The heating method is not particularly limited, and conventionally known heating methods can be used. Specific examples include autoclaves, heaters, microwave ovens, and the like.

In the cooling step, the fibroin aqueous solution heated in the heating step described above is rapidly cooled to 15° C. or lower.
The advantages of rapid cooling include the production efficiency of increasing the speed of sedimentation and separation as the flocs suspended in the liquid are quickly agglomerated by cooling; It has the advantage of sanitary and quality aspects, such as minimizing the time it stays in the temperature range and suppressing the growth of germs.

The cooling temperature is not particularly limited as long as it is 15°C or lower and does not freeze, but is preferably 0°C or higher and 10°C or lower, more preferably 3°C or higher and 8°C or lower. If the cooling temperature is within this range, insoluble components or components that are easily insolubilized in the heated aqueous fibroin solution tend to form aggregates, so separation and removal from the aqueous fibroin solution can be made more reliable. I can do it.

In the present invention, "rapidly cooling" generally means cooling at a cooling rate of 0.2° C./second or more. The cooling rate during cooling is preferably 0.3°C/second or more and 0.8°C/second or less, more preferably 0.4°C/second or more and 0.7°C/second or less, and even more preferably 0.5°C. /sec or more and 0.6°C/sec or less.

When the cooling rate is within this range, insoluble components or components that are easily insolubilized in the heated aqueous fibroin solution tend to form aggregates, so separation and removal from the aqueous fibroin solution can be made more reliable. can.

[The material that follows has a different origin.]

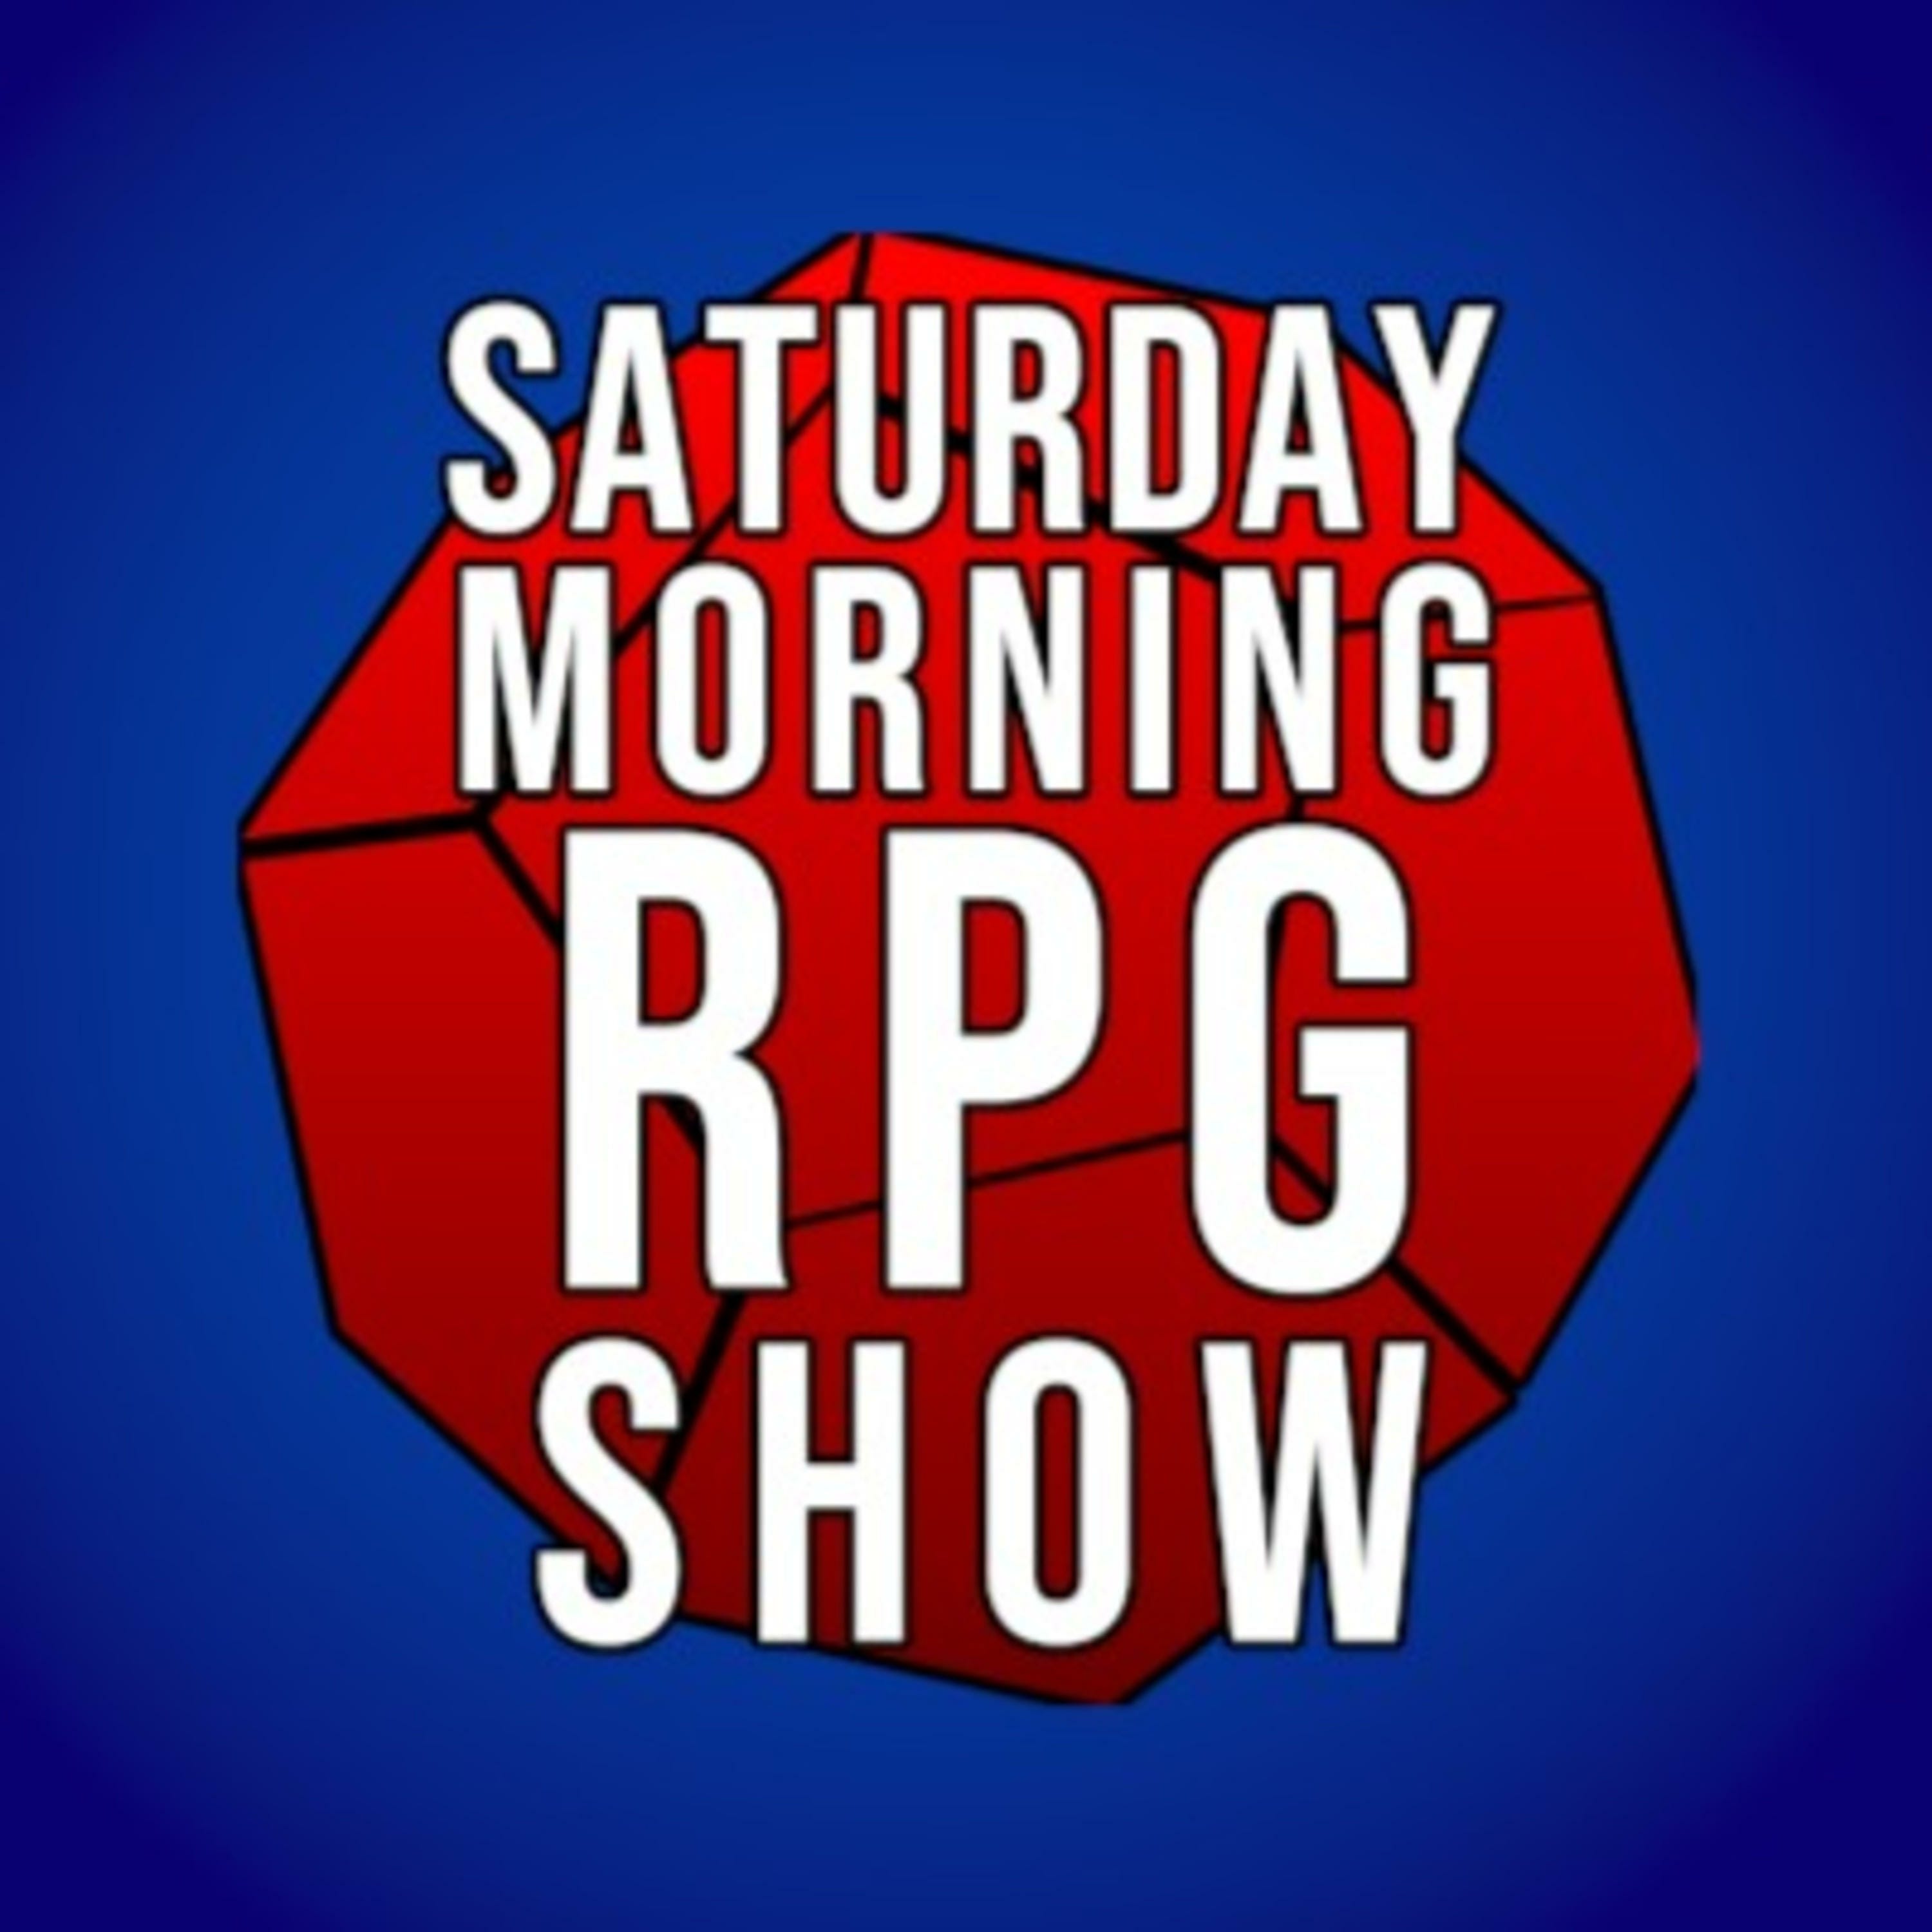 Ep 17 - SMDnDShow - Roleplaying Woes

The method for rapid cooling is not particularly limited, but examples include methods using cooling means such as cold water, ice, ice water, dry ice, dry ice + ethanol, and a rapid cooler. Among these, it is preferable to use ice water because it is easy to handle.

In the microfiltration step, the fibroin aqueous solution cooled in the cooling step described above is filtered using a microfiltration membrane.
Examples of the microfiltration membrane include those made of materials such as cellulose acetate, aromatic polyamide, polyvinyl alcohol, polysulfone, polyvinylidene fluoride, polyethylene, polyacrylonitrile, ceramic, polypropylene, polycarbonate, and fluororesin.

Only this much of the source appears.